– А нечего тут думать, – угрюмо отозвался я. – Я присягу принимал. И вы ведь тоже…
– Принимали, – сказал Комод. – Только кто ж виноват, что нас запихнули в ситуевину, когда присягу, хоть ты лоб себе разбей, не выполнишь? Честное слово, мы б с Тарасом и в мыслях не держали до дому подаваться… Если б были окопы, где все б сидели, да с пушками и пулеметами, да с танками, да с «ястребками» в небе. Только не получилось никаких окопов. Танков на обочинах видели с дюжину – и все они не немцами спаленные, а танкистами брошенные, целехонькие. «Ястребок» видали только один, и тут же на него немцев штук несколько навалилось, враз запалили… Слаб оказался Иосиф Виссарионович, все пшиком обернулось… Значит, не идешь? Ну, сам себе дорогу выбрал, нечего тут речи разводить… Тарас, прихвати жаренину, только лейтенанту кусок оставь, чтобы ноги не волочил…
Молодой, придерживая одной рукой направленную на меня винтовку, присел на корточки, снял прут с рогулек и переправил гусятину в противогазную сумку.

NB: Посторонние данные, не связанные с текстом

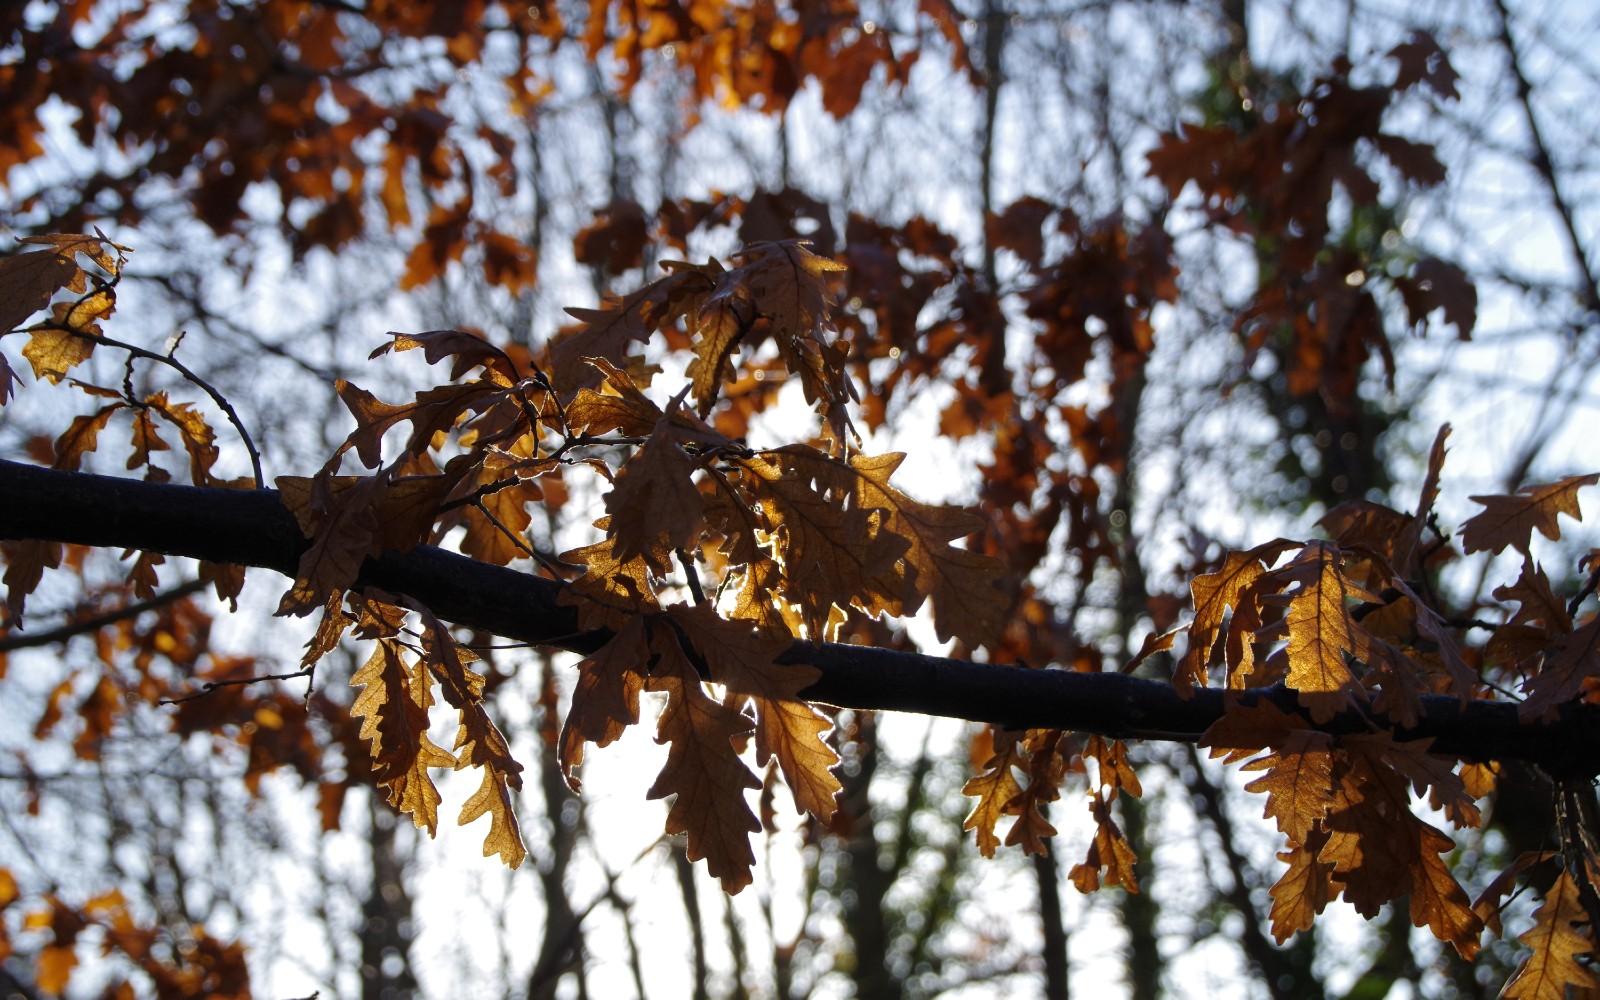 Autumn Leaves in Dibbinsdale

Комод сказал спокойно:
– Ну, не поминай лихом, лейтенант…
Оба отступили в чащу, вполоборота, держа меня на мушке, – и, когда пропали с глаз, судя по треску веток и кустарника, припустили бегом, чтобы оказаться от меня подальше. Я не шелохнулся. Бесполезно было. Даже вспыхни у меня желание догнать их и всадить по пуле за нарушение присяги и дезертирство, к тому же с боевым оружием, – где их искать, и пытаться нечего. Говорится же, что у беглеца сто дорог, а у погони – одна…
(В сорок четвертом я попал в Белоруссию, служить на границе с Польской Народной Республикой. И поинтересовался судьбой той деревни – Комод сказал ее название. Судьба ей, как и сотням других деревень, выпала незавидная – немцы ее в сорок втором спалили дочиста, угнали в Германию тех, кто помоложе, а остальных, кто не успел убежать в лес, расстреляли. Культурная нация, ага. Вполне могло оказаться, что и те двое попали под раздачу. Никакого злорадства я по этому поводу не испытал – сами себе дорогу выбрали, что тут скажешь…)
Благородно мне оставили четвертушку гуся, причем с ногой. Не раздумывая долго, я отломил бо`льшую часть и съел без хлеба и соли, обглодав и обсосав косточки. Остаток завернул в лопух и упрятал в карман галифе – просалится карман моих шикарных синих бриджей, да что теперь их беречь…
Вытерев лопухами жирные руки, напился впрок из ручейка и зашагал на восток, уже бодрее, чем до того, – неплохо подзаправился. Понемногу шум на большой дороге становился все тише, а там и вовсе пропал – определенно я забрал влево, как бывает с человеком без компаса в лесу без тропинок. Шагал, и в голову поневоле лезли разные мысли…
Прежде всего я гадал о судьбе друзей-товарищей в зеленых пограничных фуражках. Уж они-то ни за что не стали бы драпать на восток. После войны стало известно, что так оно и произошло, достойно встретили немца войска товарища Берии, занявшие оборону еще в ночь перед немецким нападением. Вот только об участи многих застав, отрядов и комендатур мы ничего не знаем до сих пор и никогда уже не узнаем – живым оттуда никто так и не вышел…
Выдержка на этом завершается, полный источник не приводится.